CAPE TOWN — The Aug. 16 massacre at South Africa's Lonmin's Marikana mine, in which police shot dead 34 illegally striking miners and wounded 78 others, has annihilated whatever remained of the illusion of Africa's largest economy as a harmonious, post-apartheid state.
Lonmin is the world's third-largest platinum producer, and employs 28,000 workers at its Marikana mine, in the country's North West Province. The miners live either in informal settlements on the outskirts of the mine or in overcrowded hostels, reportedly earning a pitiful $541 a month. The violence began on Aug. 10, when 3,000 rock-drill operators, after demanding that their salaries be increased to around $1,500, downed their tools and picked up traditional weapons such as machetes and clubs known as knobkerries.
The inability of either side to compromise quickly turned an issue of welfare into one of warfare. Ten people were killed in the week before the massacre -- including security guards and miners who resisted joining the splinter trade union that is alleged to have encouraged the strike. The miners hacked to death two policemen and mutilated their corpses. Miners also discovered the body of a miner believed to have informed on his union; his head was split open, and he had been crucified: The Mail & Guardian newspaper reported that the corpse was "left on display the whole day as a warning to non-strikers."
What happened next remains unclear. The standoff took place on a hill, with police and miners facing each other. Seconds before the shooting began, the policemen appeared to be stepping backward, while the miners advanced, several hurling what were either grenades or petrol bombs. Footage from Al Jazeera reveals a miner aiming what appears to be a handgun at police, and what sounds like a shot fired from the miners' side of the hill. Two minutes later, 34 miners were dead.
A week later, the country is still reeling. The Marikana massacre, recalling apartheid-era violence and portending potentially devastating conflict, is South Africa's "Back to the Future" moment. It reminds an already fragile nation that it lacks responsible leadership, basic public services like safety and security, and, too often, rule of law. The country remains one of the most violent in the world, with 43 murders reported every day. Many remember the apartheid-era police, who saw black people as inhuman and therefore eradicable, and see this inhumanity echoed in the actions of today's police force.
For many South Africans, Marikana reminded them of the 1960 Sharpeville massacre, when the apartheid police killed 69 black people who were peacefully protesting against a government that was systematically denying them their rights. Sharpeville was the day that peace died, quite literally, as the massacre encouraged the country's largest liberation movement, the African National Congress (ANC), to replace pacifist activism with violent resistance. Sharpeville mobilized international support against the South African government's racist policies, and -- though it took decades of increasingly aggressive sanctions -- was the beginning of the end of apartheid, which finally fell in 1994.

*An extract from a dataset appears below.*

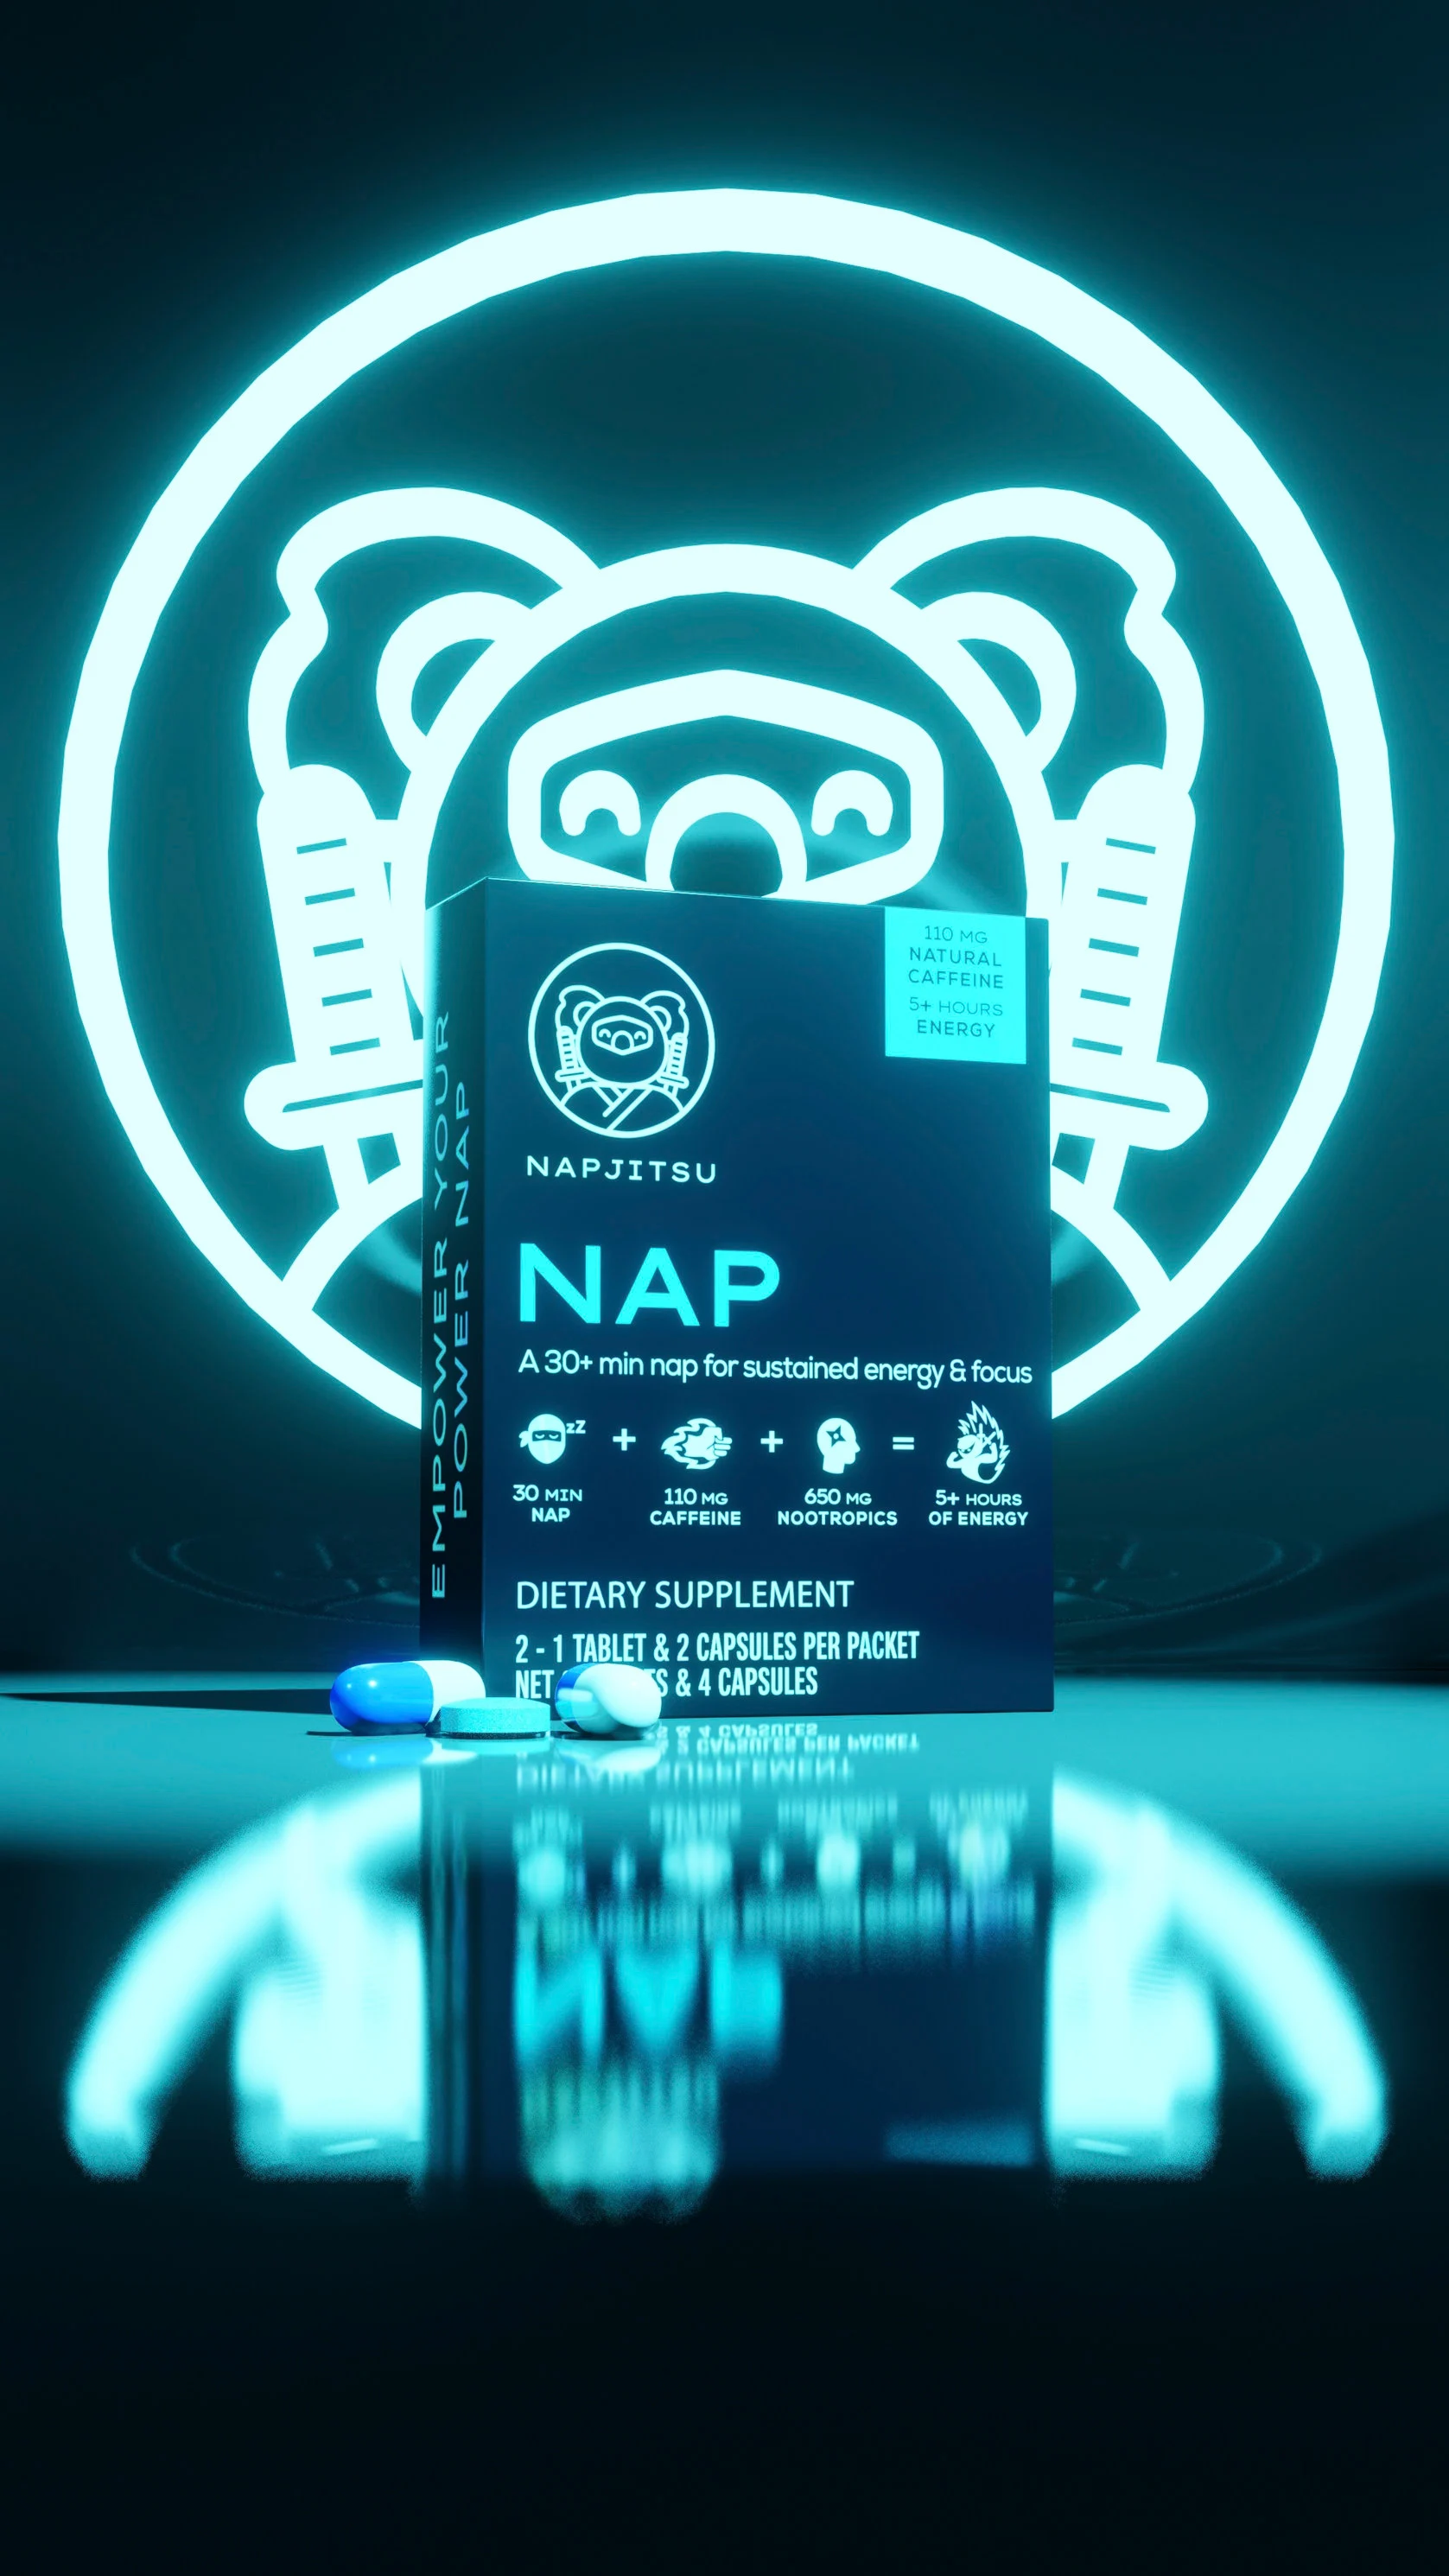 Sản phẩm Napjitsu's Nap có caffeine giải phóng theo thời gian để tăng cường năng lượng sau khi  ...

Marikana and Sharpeville are similar in their scale and sense of awful spectacle, in their brutality, lack of accountability, and use of excessive, authoritarian force. But unlike in Sharpeville, the Marikana miners were striking violently, not peacefully. And the narrative of Sharpeville -- a racist minority against a vibrant majority, oppressor against oppressed, black against white, right against wrong -- was altogether more coherent. The Marikana crisis is more confused.